Cancellation/No Show Policy

Patients, parents and/or caretakers will be notified during their initial assessment of the following policy:

  1. Patients need to attend scheduled therapy sessions in order to progress toward goals. Regular attendance is vital to the patient’s progress.
  2. If the patient does not attend 75 percent of their scheduled therapy sessions over a two-month period of time, the following will occur:
    1. If the patient does not notify the therapist prior to the patient’s appointment three consecutive appointment times, the patient will be discharged from therapy and will require a new prescription to re-initiate therapy services.
      1. A letter will be sent to the patient and physician notifying them of the patient’s discharge from therapy due to non-compliance and that a new script will be required to resume therapy services.
    2. If the patient cancels but misses 25 percent or more of their scheduled therapy sessions, the therapist will discuss again with the patient, parent and/or caretaker the importance of regular therapy attendance and discuss  if changing of treatment times, assistance with transportation, etc, would help improve attendance.
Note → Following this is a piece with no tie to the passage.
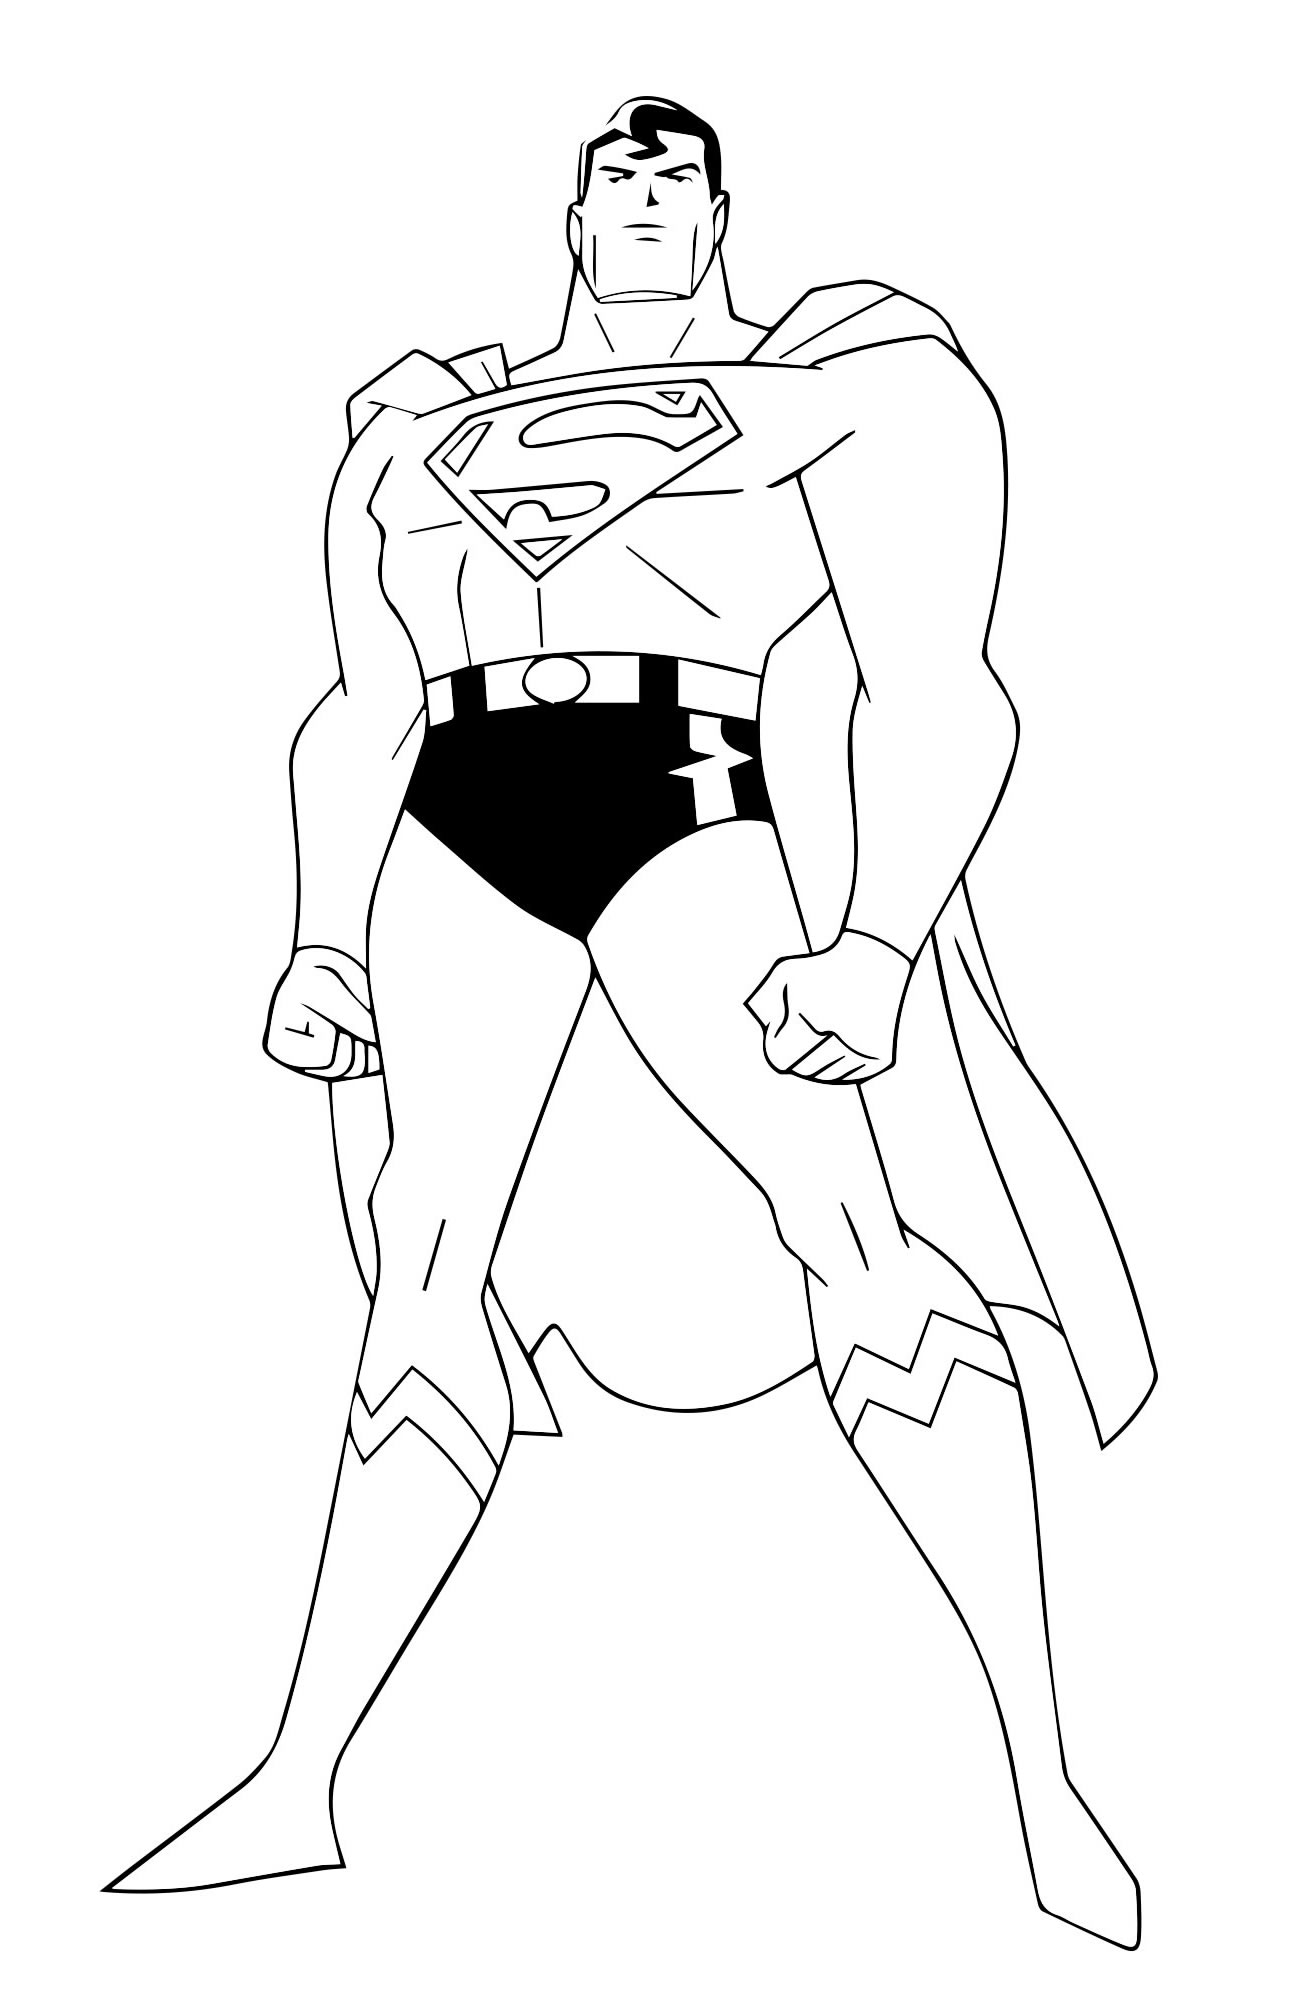 Герой Супермен раскраска для детей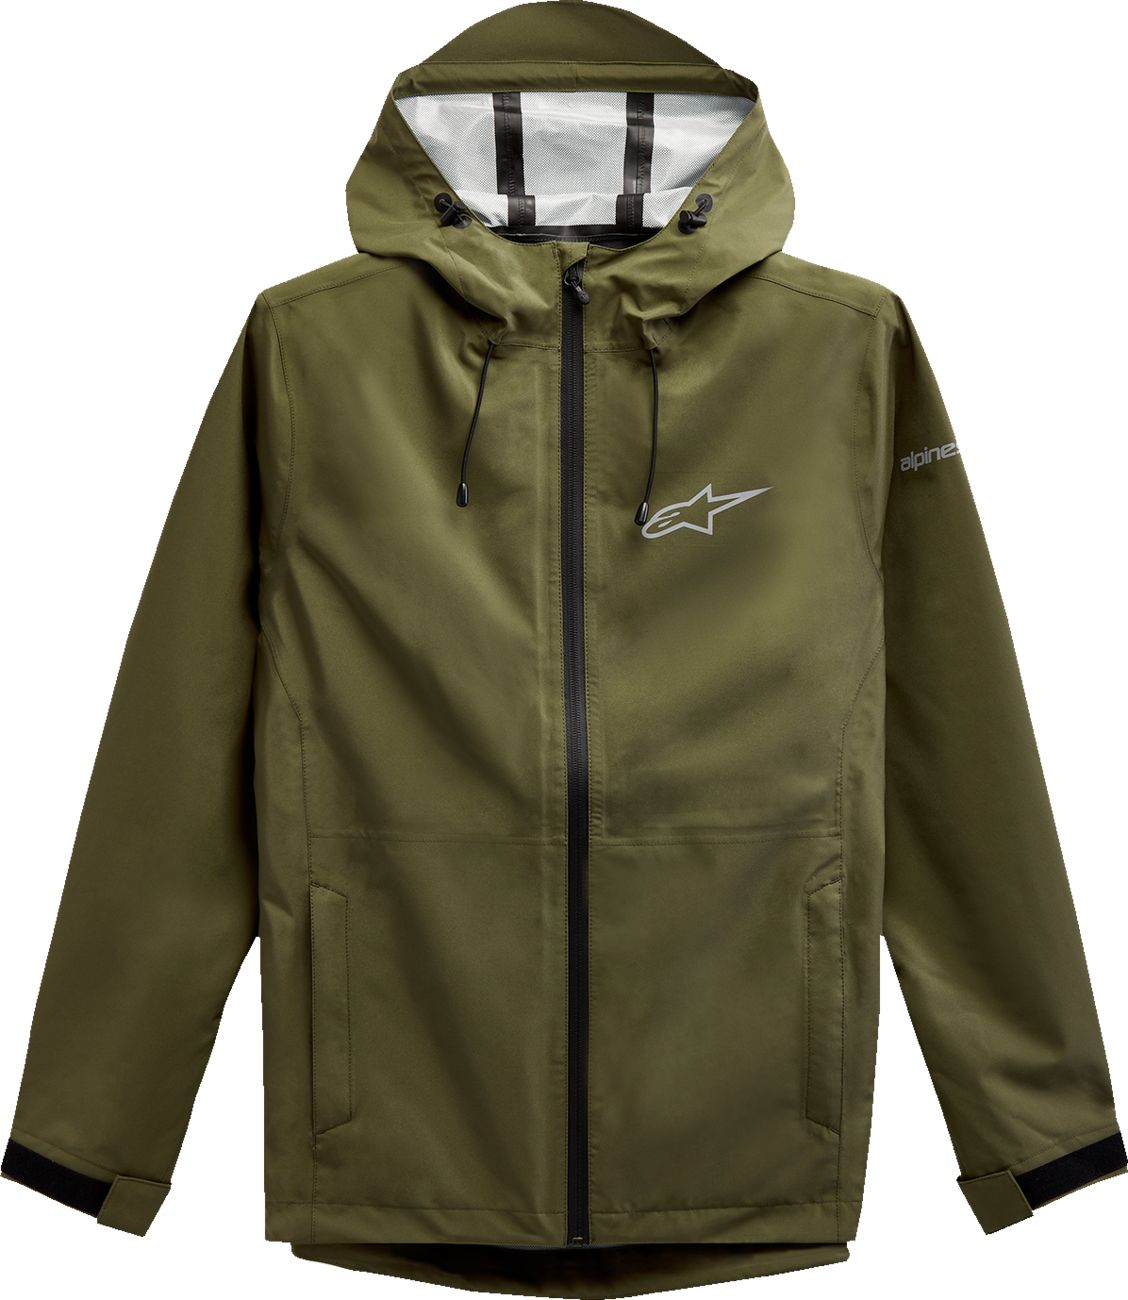 ALPINESTARS Omni Rain Jacket - Military Green - Large 123211010690L

The therapist will also inform the patient, parent and/or caregiver that if the patient does not attend 75 percent of scheduled therapy sessions over the next two-month period of time, the patient will be discharged from therapy and will require a new prescription to resume therapy services.
      1. If the patient is discharged, a letter will be sent to the patient and physician notifying them of the patient’s discharge from therapy due to non-compliance and that a new script will be required to resume therapy services.
    3. If the patient notifies the therapist prior to missed scheduled treatment sessions due to a vacation, hospitalization/medical procedure and/or medical insurance authorization these missed sessions will not count in the percentages  for missed sessions.
      1. If the vacation, hospitalization/medical procedure and/or medical insurance authorization is going to require more than four weeks, then the patient will be placed on hold and removed from the schedule. A new schedule will be initiated when the patient is able to return. The patient/parent/caregiver should be notified that the same treatment times will not be guaranteed upon the return of the patient, but the therapists will work to accommodate their scheduling requests as best as possible.
      2. Missed sessions due to illness or illness of other family members, will be included in the missed percentages.